NonConvexity of neural networks

I don’t remember where I heard this arguement but it was a pretty interesting one and I couldn’t remember the entire reasoning and so as I began to think about it, I figured some of it out and I believe it is pretty reasonable. We have all argued that neural networks are difficult to optimize because they are non-convex(or non-concave) for that matter. What we don’t talk about so much is why is it that they are non-convex. It probably has simpler answers where you will argue something about the non-linearities involved. This post has to do with a much more interesting answer.

To understand the reasoning, we have to argue that if the function has atleast two local minimas such that their mid-point is not a local minima, the function is non-convex. In formal terms, $$\text{If }\exists x,y \in Dom(f) \hspace{5pt }s.t.\hspace{5pt} g(x) = g(y) = 0 $$ and $$\forall z\in [x,y] \text{ s.t. } g(z) \neq 0 $$ where $g(x)$ is a subgradient at $x$ the function is non-convex.

This is pretty simple to follow from the Mid-point value theorem and the definition of convexity.

Consider a neural network $F(\cdot)$ with a few layers and name three layers $L_1, L_2$ and $ L_3$ Consider nodes $a$ and $b$ in $L_1$ and $c$ and $d$ in $L_2$.Let the parameters connecting node $i$ to $j$ be called $w_{ij}$.

Thee arguement to the function can be thought of as $A=[\cdots w_{ac}, w_{ad}, \cdots , w_{bc}, w_{bd}\cdots]$ and the function evaluation as $f(A)$. Consider $B=[\cdots w_{ad}, w_{ac},\cdots, w_{bd}, w_{bc}, \cdots]$. I can claim that there exists a $B$ i.e. where $ w_{ad}, w_{ac}$ and $ w_{bd}, w_{bc} $ are swapped respectively, there exists an ordering of the other weights(permute the other edges) such that the function evaluation remains same. It is pretty easy to see how it can be true.

Look at the following picture where the reg edges come into one node and the green into another.

Before permutation!
For reference consider

  • The first red edge coming out of the top left node as $w_{ac}$
  • The gree edge out of the same node as $w_{ad}$.
  • The red edge out of the second node in the same layer as $w_{bc}$
  • The green edge out of the second node as $ w_{bd} $.

Connect all edges coming in to $L_2$ from $L_1$ into node $d$ to node $c$ and vice versa and then shift the origin of all outgoing edges from node $c$ to $L_3$ to node $d$ and vice versa. What you have acheived is the network that you would have achieved by holding the two nodes by your hand and manually exchanging their positions while keeping the connecting edges intact. And Voila! now you have $A, B \in dom(F)$ where $F(A) = F(B) $.

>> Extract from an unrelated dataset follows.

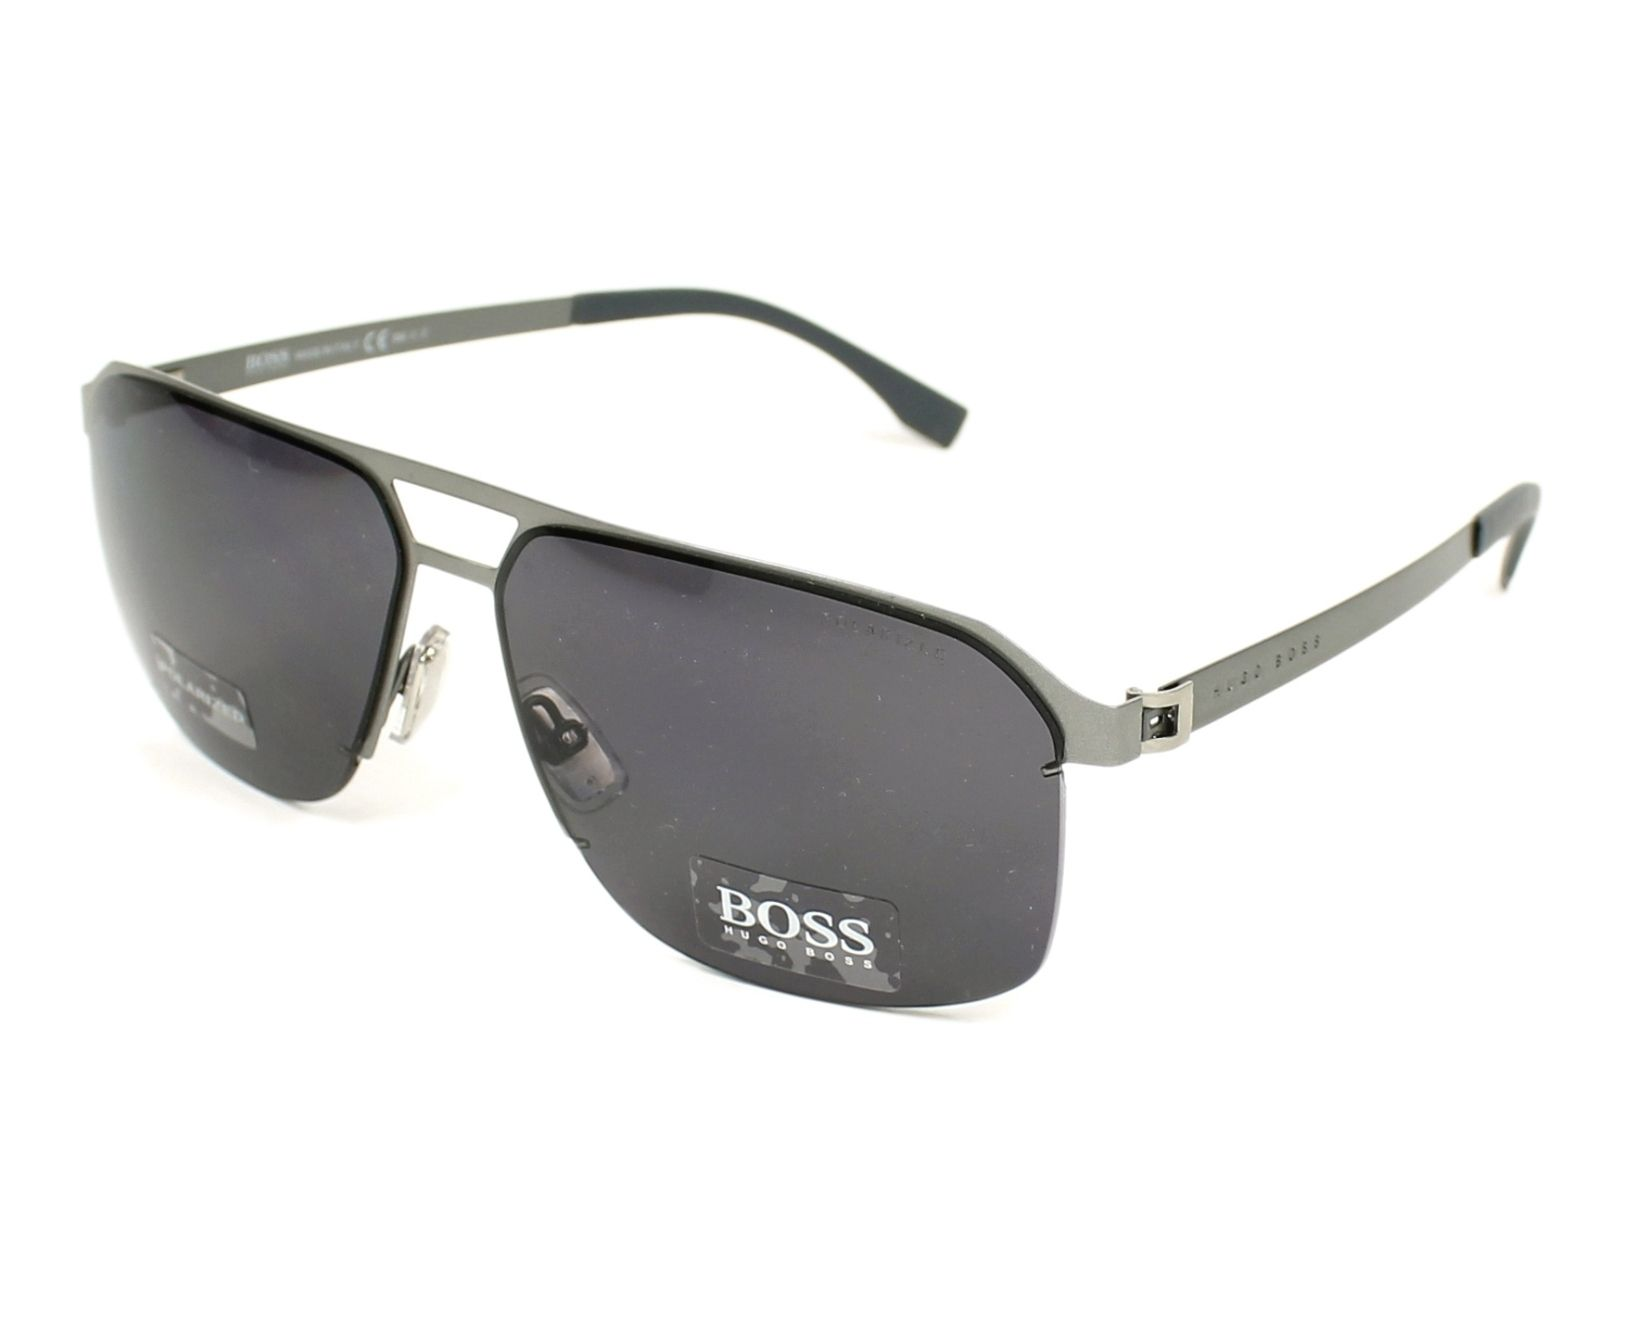 f9ef3aa7e8faf Sunglasses Hugo Boss BOSS-0839-S R81 3H 61-14 Gun profile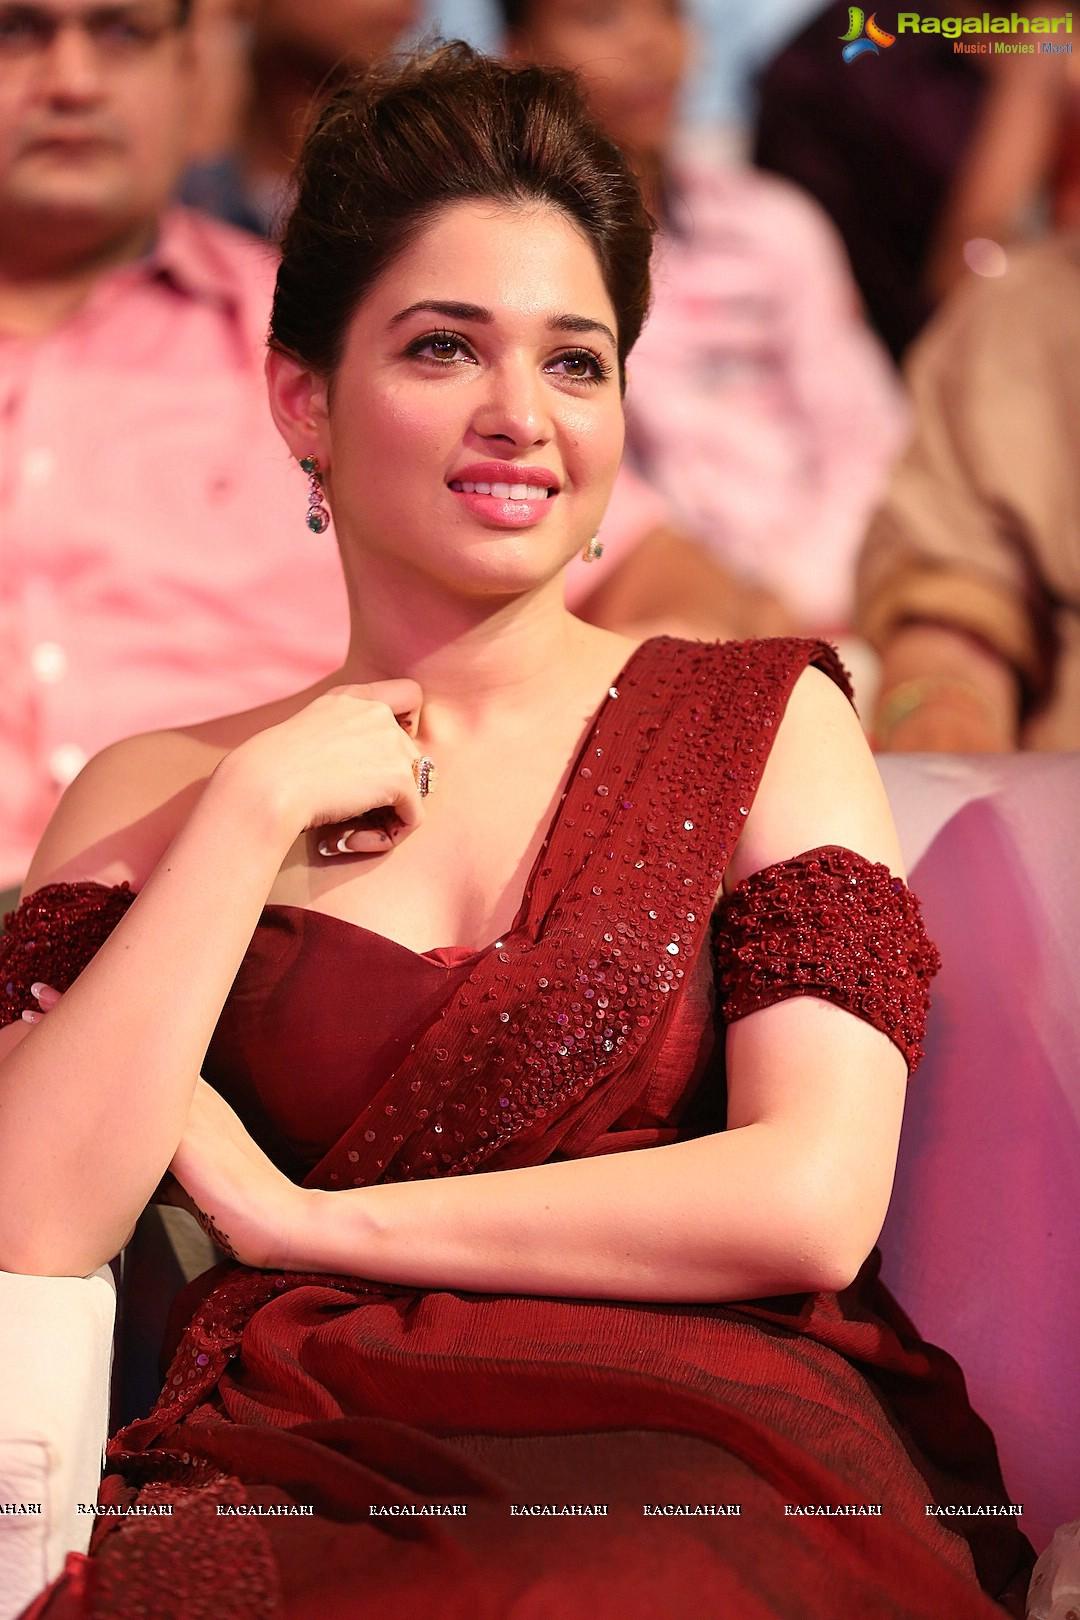 tamannaah bhatia image 559 | telugu actress images,stills, heroines

Now look at them after the edges are shifted.

After permutation!

The natural doubt you might suddenly have is What about a linear network ? . Well, it is a well known fact that such a function can be stated as $F(x; A, b) = Ax + b$ for some matrix $A$ and vector $B$. And as you know, linear layers do not have a maxima or a minima and hence the whole assumption we made about having $g(x) = 0$ i.e. zero subgradients, do not hold. Thus, it does not contradict the statement given earlier.

We will also need to understand how it holds the other point about there existing some point between the local optimas such that it does not have the same value as the optima. To understand this lets look at simplified representation of $F(\cdot)$. Instead, of taking the weights of the edges to be the arguements of $F(\cdot)$, let the nodes be the arguements.
$$F(n_{1,1}, n_{1, 2}, \cdots, n_{3,1}\cdots)$$ where $n_{i, j}$ is the $j^{th}$ node in $i^{th}$ layer. $$n_{i,j} = \sum_{j = 1}^k w_{j,k}^{i-1}\sigma (n_{i-1, k})$$ where $w_{j,k}^{i-1}$ is the weight connecting the $k^{th}$ node in ${i-1}^{th}$ layer to the $j^{th}$ node in layer $i$.

Note that the transformation from the earlier definition to this definition is many-to-one and not one-to-one, which is easy to guess because of the reduction in the number of parameters.

Now, it is also easy to observe that if we permute $n_{1,1}$ amd $n_{1,2}$, $F(\cdot)$ doesn’t change it’s value.To see how this permuation relates to the original neural network, we barely need to change the weights in the original function as mentioned above(In the diagram interchange the two nodes in the second layer) i.e. the permutation of the weights mentioned above is equaivalent to this permutation.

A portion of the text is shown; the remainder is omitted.